Using TensorFlow backend.


2.2.4


---

## Data Preparation

**We'll begin by uploading our dataset retrieved from [figure-eight](https://www.figure-eight.com/data-for-everyone/), an open source data platform.**

In [2]:
#Upload dataset with only the necessary columns
raw_df = pd.read_csv('Political-media-DFE.csv',encoding='latin')
df = raw_df[['bias','message','embed','label','source','text']]
df.head()

Unnamed: 0,bias,message,embed,label,source,text
0,partisan,policy,"<blockquote class=""twitter-tweet"" width=""450"">...",From: Trey Radel (Representative from Florida),twitter,RT @nowthisnews: Rep.

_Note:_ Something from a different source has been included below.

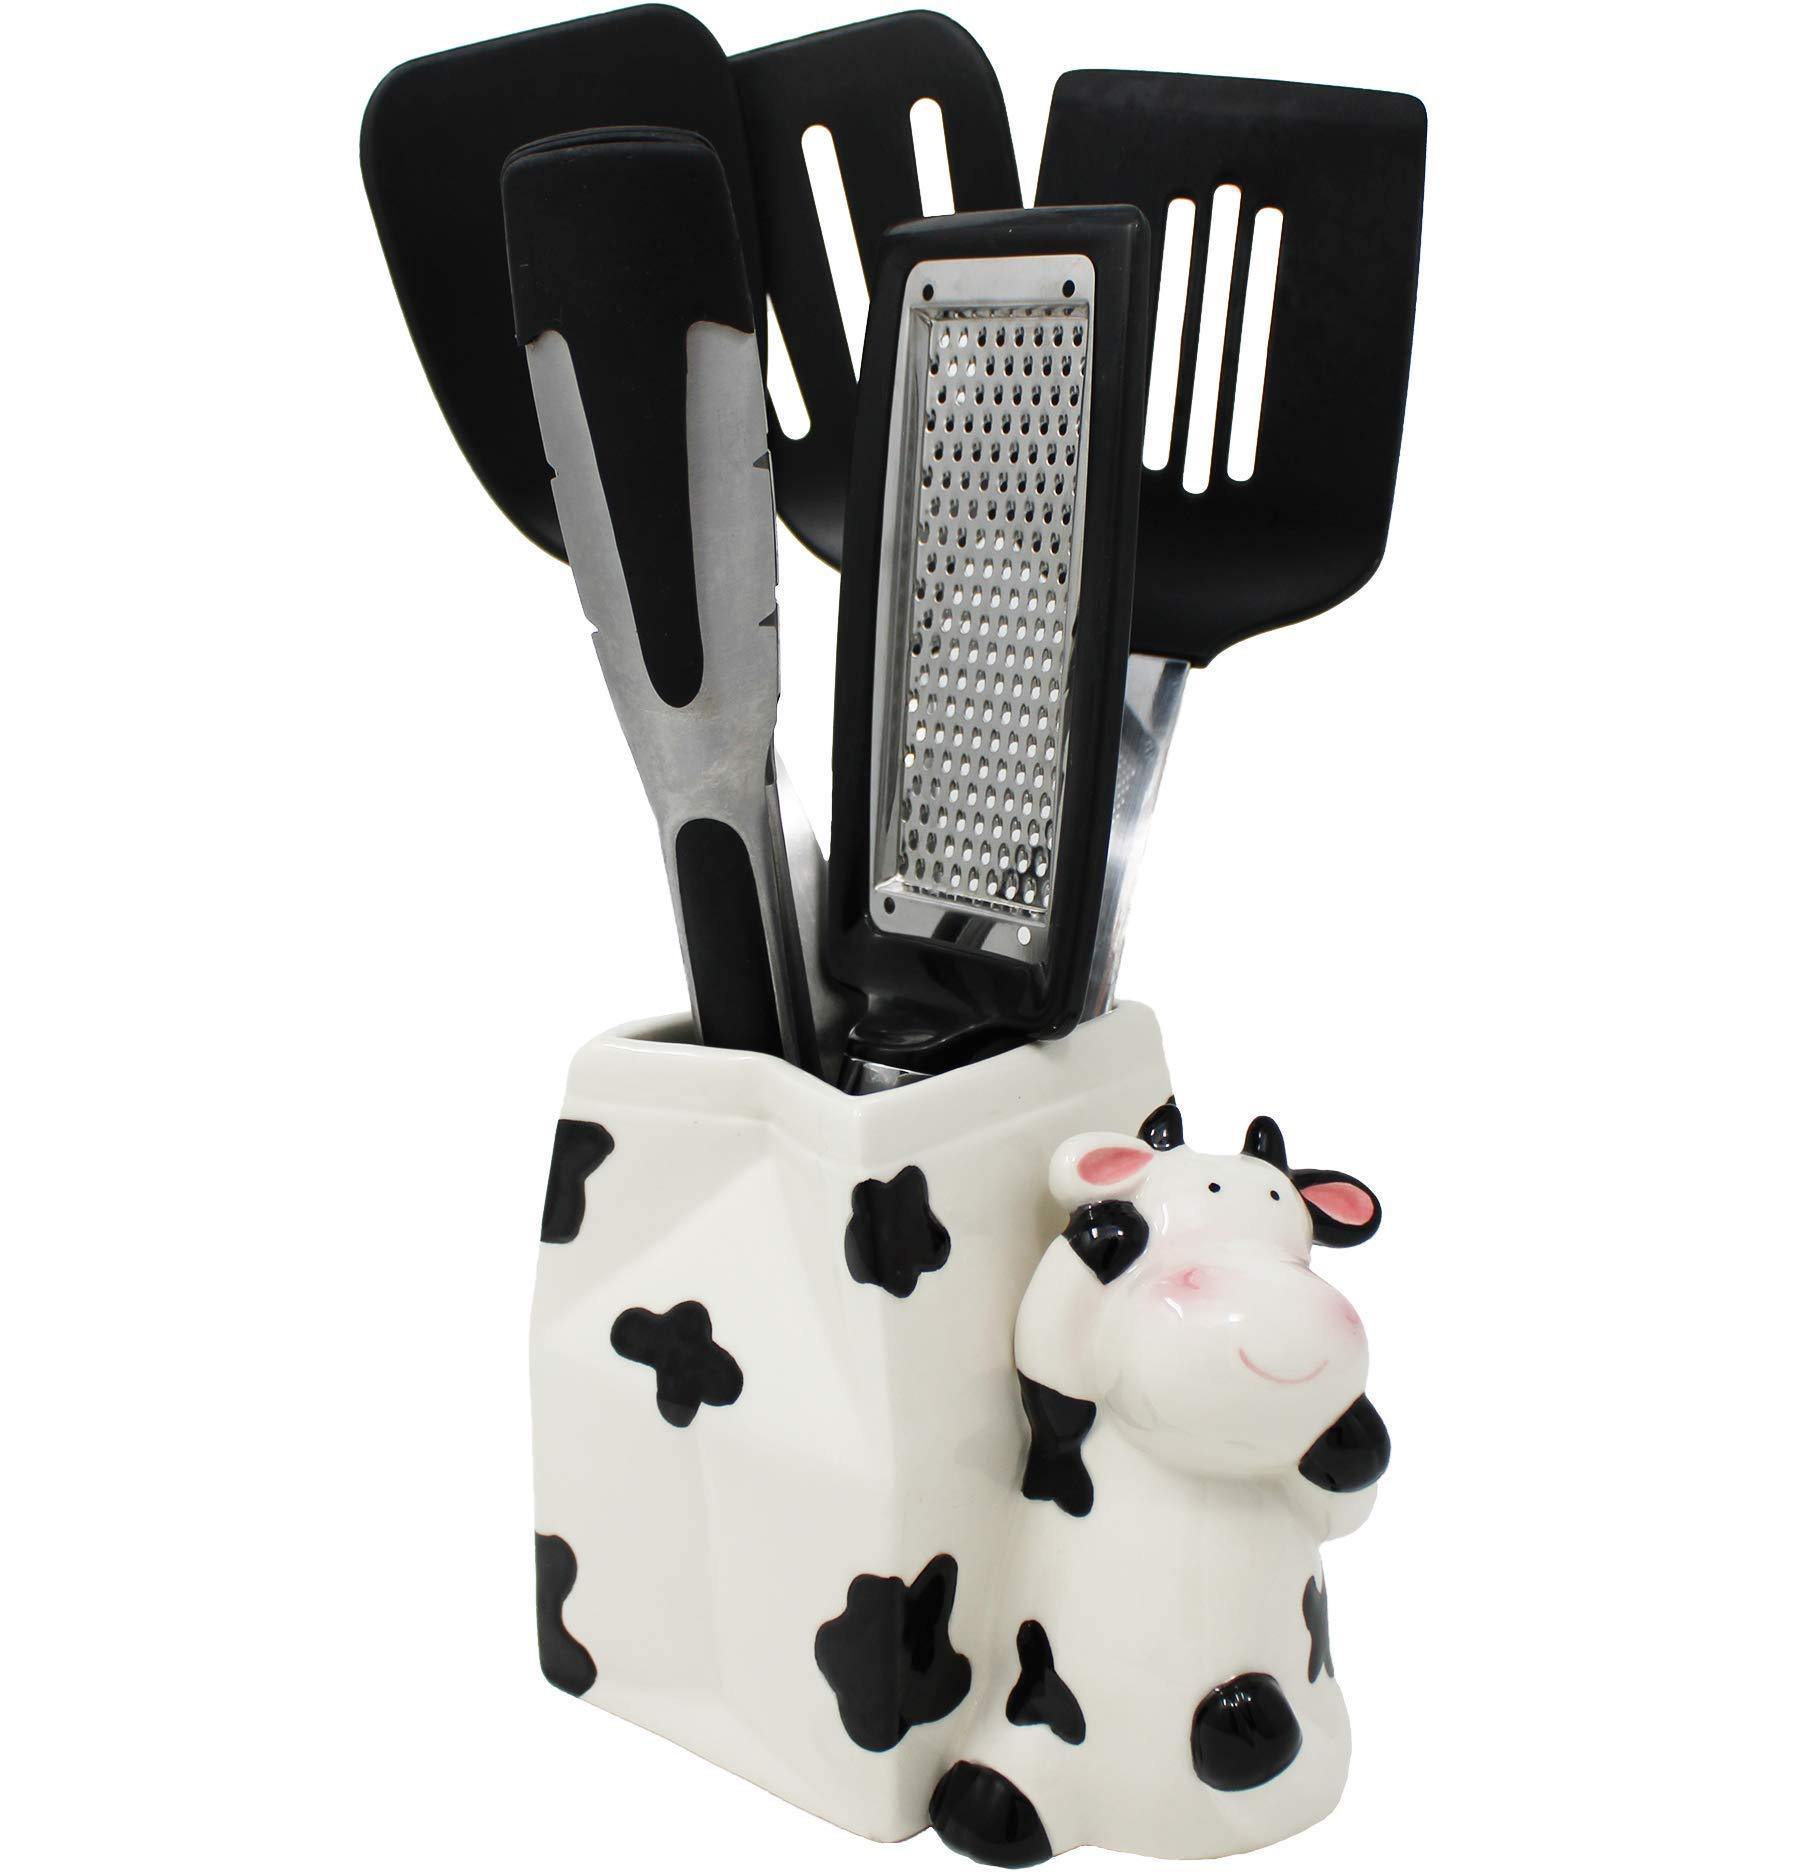 Sixdrop Cow Utensil Holder Cow Kitchen Utensil Holder Multipurpose Cow Farmhouse Decor Kitchen Crock Storage Farm Decorations Decor Gift Cow Kitchen Decor Ceramic Holder Buy Online At Best Price In Uae

Trey Radel (R- #FL) slam...
1,partisan,attack,"<blockquote class=""twitter-tweet"" width=""450"">...",From: Mitch McConnell (Senator from Kentucky),twitter,VIDEO - #Obamacare: Full of Higher Costs and ...
2,neutral,support,"<blockquote class=""twitter-tweet"" width=""450"">...",From: Kurt Schrader (Representative from Oregon),twitter,Please join me today in remembering our fallen...
3,neutral,policy,"<blockquote class=""twitter-tweet"" width=""450"">...",From: Michael Crapo (Senator from Idaho),twitter,RT @SenatorLeahy: 1st step toward Senate debat...
4,partisan,policy,"<blockquote class=""twitter-tweet"" width=""450"">...",From: Mark Udall (Senator from Colorado),twitter,.@amazon delivery #drones show need to update ...


In [3]:
df['bias'].value_counts()

neutral     3689
partisan    1311
Name: bias, dtype: int64

**The dataset does not specify political affiliation, will need to add politician's affiliations**

In [4]:
#Make a function to clean text of puntuations
def remove_punctuations(text):
    '''Removes punctuation from strings'''
    for punctuation in string.punctuation:
        text = text.replace(punctuation, '')
    return text

In [5]:
#Apply our remove_punctuations function
df['text'] = df.loc[:,'text'].apply(remove_punctuations)
df['label'] = df['label'].str.replace('From: ','')
df['text'] = df['text'].str.lower()

A value is trying to be set on a copy of a slice from a DataFrame.
Try using .loc[row_indexer,col_indexer] = value instead

See the caveats in the documentation: http://pandas.pydata.org/pandas-docs/stable/indexing.html#indexing-view-versus-copy
  
A value is trying to be set on a copy of a slice from a DataFrame.
Try using .loc[row_indexer,col_indexer] = value instead

See the caveats in the documentation: http://pandas.pydata.org/pandas-docs/stable/indexing.html#indexing-view-versus-copy
  This is separate from the ipykernel package so we can avoid doing imports until
A value is trying to be set on a copy of a slice from a DataFrame.
Try using .loc[row_indexer,col_indexer] = value instead

See the caveats in the documentation: http://pandas.pydata.org/pandas-docs/stable/indexing.html#indexing-view-versus-copy
  after removing the cwd from sys.path.


In [6]:
#Create a new column with the tweet purpose and bias
df['purpose_and_bias'] = df['message'] + '_' + df['bias']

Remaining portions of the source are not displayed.